Deluxe Entertainment Services Group has been a leader in the tech side of entertainment since 1915. A large part of its key to success is agility and adaptability. While those are characteristics that you expect in tech, they are skills necessary to the management of the company’s brick-and-mortar real estate as well. In April 2017, Ben Soble, vice president of global real estate and facilities, joined the company and has been proving his worth. “We are in the business of providing services to the entertainment industry, and that is a business that calls for constant change and nimble response to a very fast-moving sector,” Soble says. “Sometimes you get your orders and start to march and suddenly you have to turn left instead of right, midstride. You just have to learn to disengage your ego.”
This ability to roll with the punches and thrive in an environment of constant change is no surprise. Soble comes to Deluxe with 20 years of experience in real estate and facilities management, 10 of those in international work, and with more than 100 buildouts under his belt. He now acts as the gatekeeper for all of Deluxe Entertainment’s office space. “My job is to ensure that our real estate footprint matches the needs of the business,” Soble says.
He is responsible for 80 locations worldwide, the majority of these leased properties. His role runs the gamut from understanding leadership needs to acquisitions to design to remodeling to facilities management to closure. “I must understand location needs, things like, ‘Will this be client-facing?’” he says. “Then I have to do my due diligence on locations; work with brokerage, scouting, bringing choice to leadership; then develop space, design, and deliver; and then, after they open, manage the facilities.”
Expanding Operations
Already in his tenure with Deluxe, Soble has completed an overhaul of California offices and received a promotion. But all this is small potatoes compared with what he is working on now. In Bangalore, India, he is managing a transition from a 33,000-square-foot space to a 100,000-square-foot office park. Even with all this room, Soble will have to be creative to fit everything in. He needs 1,650 seats—some with open-bench workstations and others in L-shaped desk spaces—as well as an NOC room, all to provide distribution services to Deluxe clients.

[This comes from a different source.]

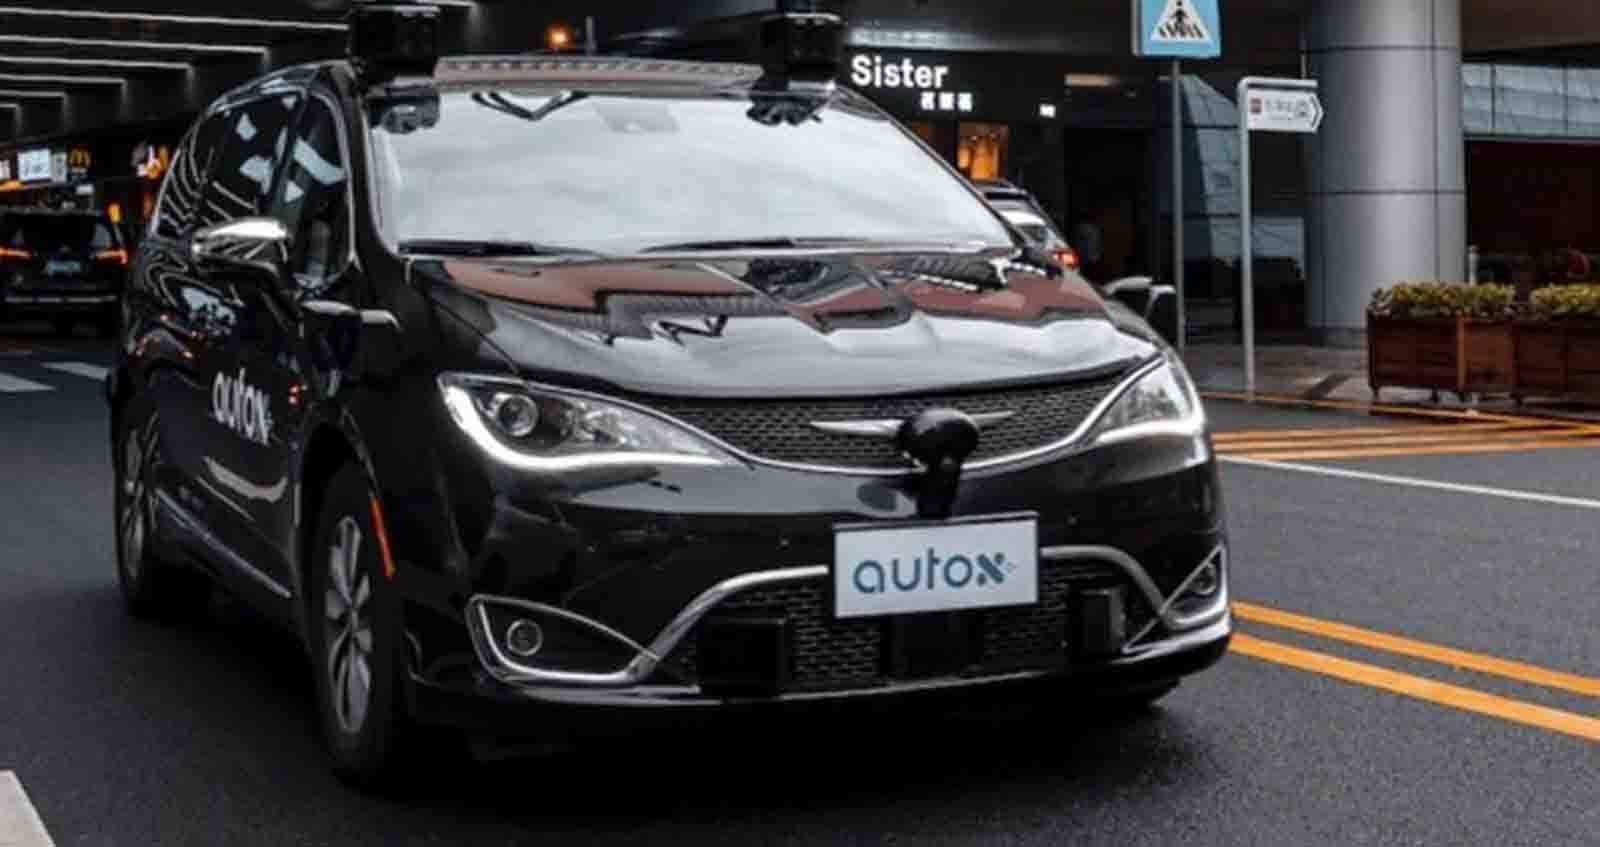 AutoX แท็กซี่ขับขี่อัตโนมัติ ครอบคลุมพื้นที่ 1,000 ตารางกิโลเมตร

The current building developed on an as-needed basis. “When you have an operation that has just grown for 12 years, the spaces have not always been planned,” Soble says. “We have an opportunity to design something great.” The property is designed to be beautiful, an experience, a state-of-the-art-facility, and an office park that is LEED Gold-certified and built to attract top-notch employee talent.
Floor plans and all the fixture details are finalized, Soble has approvals, and the building is slated for an impressive four-month turn around, opening in September 2018. When asked about working in another country, Soble says, “International work is not that different. You have to know the real estate and construction rules, but if you have to build a space, you have to build a space. You take the steps.”
Relationships are Key
Soble insists that, no matter where you work, you must focus on transparency and communication. “You kind of get to be the mayor of where you are,” he says. “You know everyone, what they like, what they want.” This does not mean that Soble thinks his job is to tell people what to do. “Listen to your customers and understand their needs,” he says. “Don’t just infuse your opinions—maybe your experience, but not your opinions.”

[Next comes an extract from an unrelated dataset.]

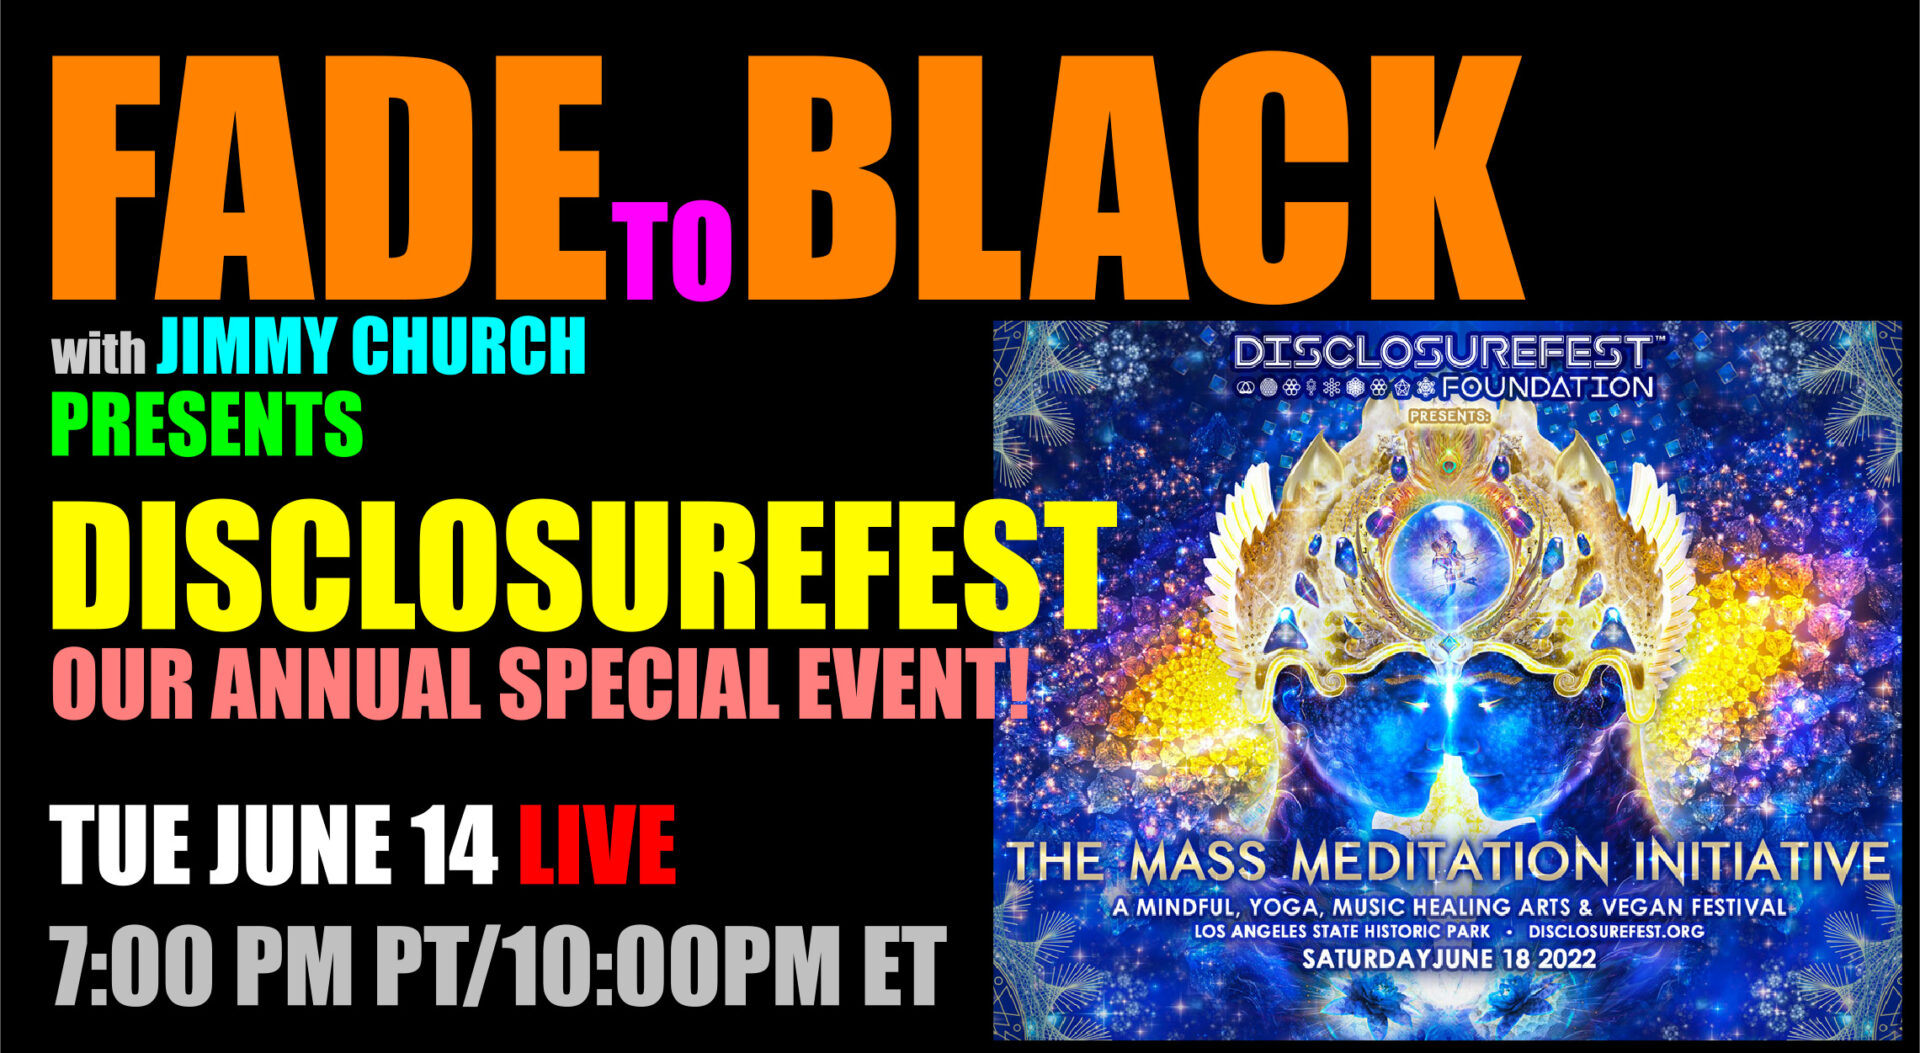 Fade To Black - DisclosureFest - June 14th

For the India office, like all projects, there are a lot of relationships to manage. “It’s a really cool job,” Soble says. “You don’t sit on your butt on a computer. You interface with so many types of people. That includes, internally, everything from understanding pain points for clerical workers to deliverables for the CEO. And then there are so many professionals: designers, brokers, and lawyers.”
Standardizing Success
Soble is going to be using those incredible communication, relationship, and follow-through skills to help overhaul pieces of Deluxe’s culture and structure. Beyond managing individual locations, Soble has also been tapped to design and implement some consistency in standards and practice for Deluxe spaces. This large, complex, and dynamic company is looking to shift to a shared-services model, with a more centralized approach to real estate management. The company wants to unify the work experience for its 8,500 employees and numerous clients, in terms of workplace allocation, perks, and design.
“As we build new facilities, we will be infusing a culture of efficiency and workplace standards,” Soble says. These standards are important for branding, ensuring that customers have a sense of the Deluxe design. It will also allow Soble and his team to have more purchasing power. Already, many people who are not his direct reports are looking to Soble for guidance in real estate choices.
Ben Soble is a busy man. He is flying around the world, participating in meetings with global partners, and managing domestic employees. When asked about real estate management and development, it becomes clear that the work continues to fuel his passion for the field. After years of working his way up and learning to build relationships, spin on a dime, and follow through, he is bringing Deluxe a lot of enthusiasm and knowledge.